We know there is a deep need to replace ageing generators in our system, but there are no rules for investment after the end of this year. Be clear: this will crash investment in the sector. Businesses across the board, including those on the front page of the Financial Review today, have made it clear that, immediately, $3 billion to $5 billion of investment in new energy systems will basically be crashed by the weakness of this Prime Minister yesterday. That will have implications for jobs. This is a party that has already crashed one in three renewable energy jobs, according to the ABS, through its term. It will have implications for reliability and, most clearly, it will have the clearest of implications for prices.
You might remember that last week they were talking a fair bit about $550. What happened to that? Well, $400 of that is from all of the new investment that they killed yesterday, and the other $150 was from the reduction in the risk premium from investor certainty. Kiss that goodbye. If you ever believed that in their second attempt to promise and deliver $550, not having delivered it six years ago, they were going to deliver it this time, that has gone. In its place, all we get is a grab bag of vapid headlines—cooked together over the last 24 hours, trying to look like they're being tough on big energy companies, wielding, as the member for Grayndler said, the big stick but mostly hitting themselves in the head on the way—and a surrender to the new coal ideologues, mainly up there but also on the backbench.
It is a surrender to those new coal ideologues pretending that taxpayers can fund a technology the industry itself has said is uninvestable. The academy of engineers has said it would be a mistake. The Prime Minister likes to refer to engineering a lot.

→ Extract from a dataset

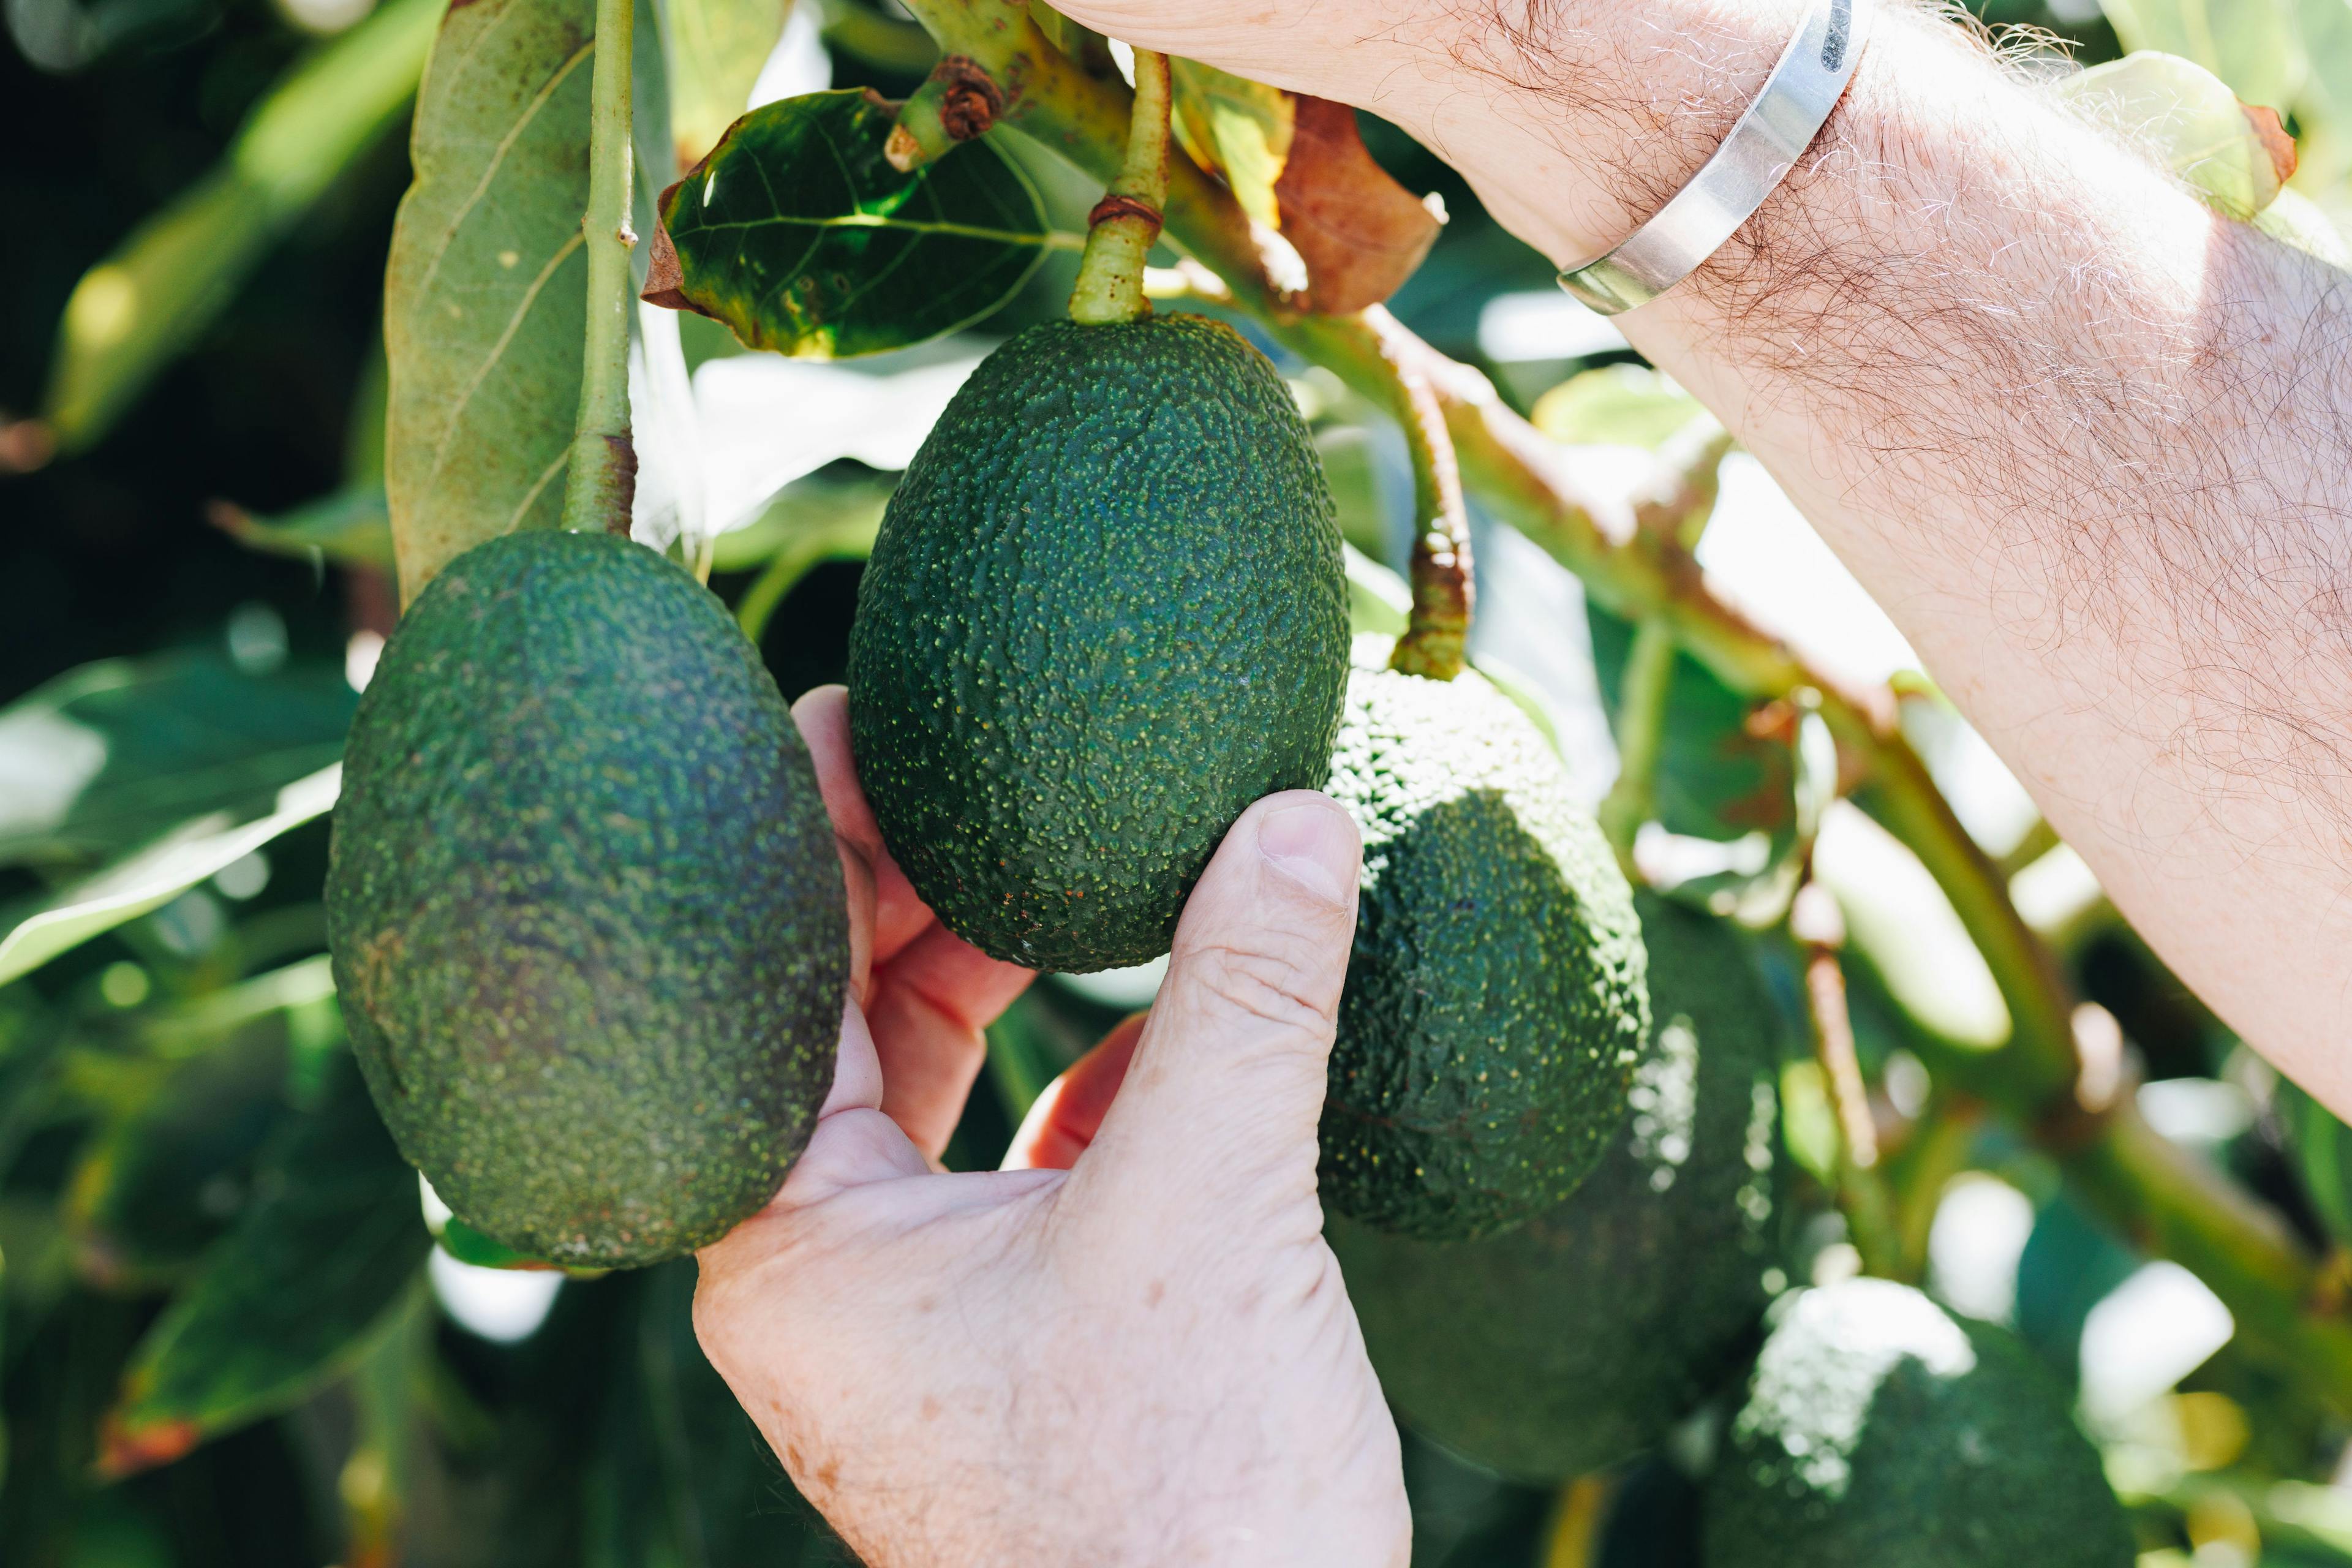 Morco farmer picking fresh avocado produce

The Snowy Hydro and 'Battery of the Nation' projects have said they are completely incompatible with the investments that those boards have decided upon and we thought were supported by this government.

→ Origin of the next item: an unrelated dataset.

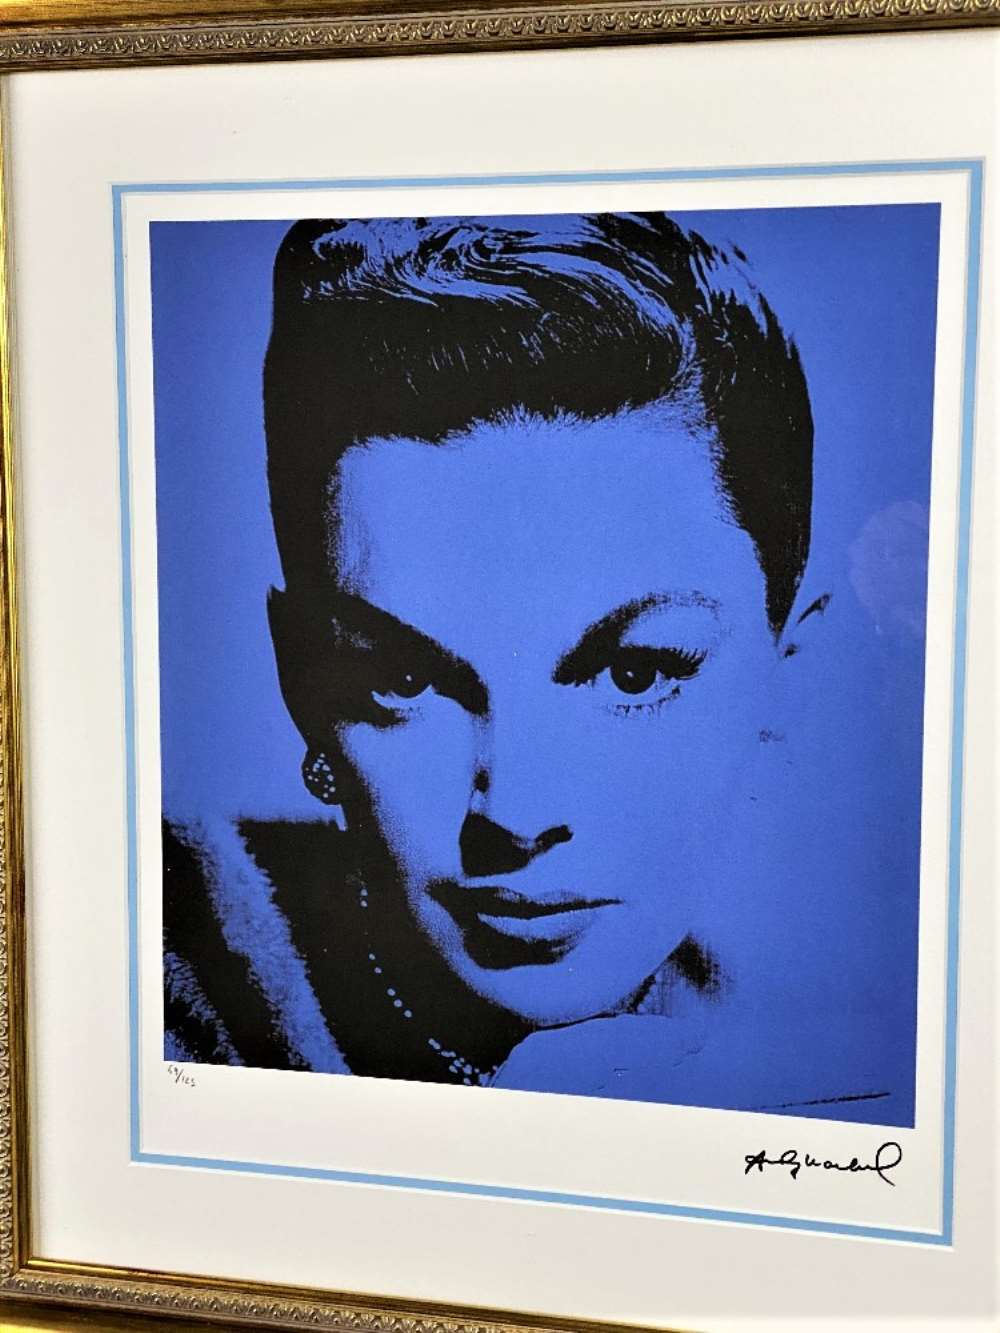 Andy Warhol (1928-1987) “Judy Garland” Ltd Edition Lithograph - Image 2 of 6

Households are under enormous pressure with this energy crisis. Businesses are threatened with their viability and thousands of jobs where they provide employment. There have been five attempts in two years by this government to put in place a policy that would help resolve the energy crisis they have presided over, and all have fallen victim to the parlour games of this coalition party room. This minister has tried his guts out. He has worked as hard as any minister. He cannot deliver his backbench, because he has a Prime Minister in charge of this government who has completely lost authority.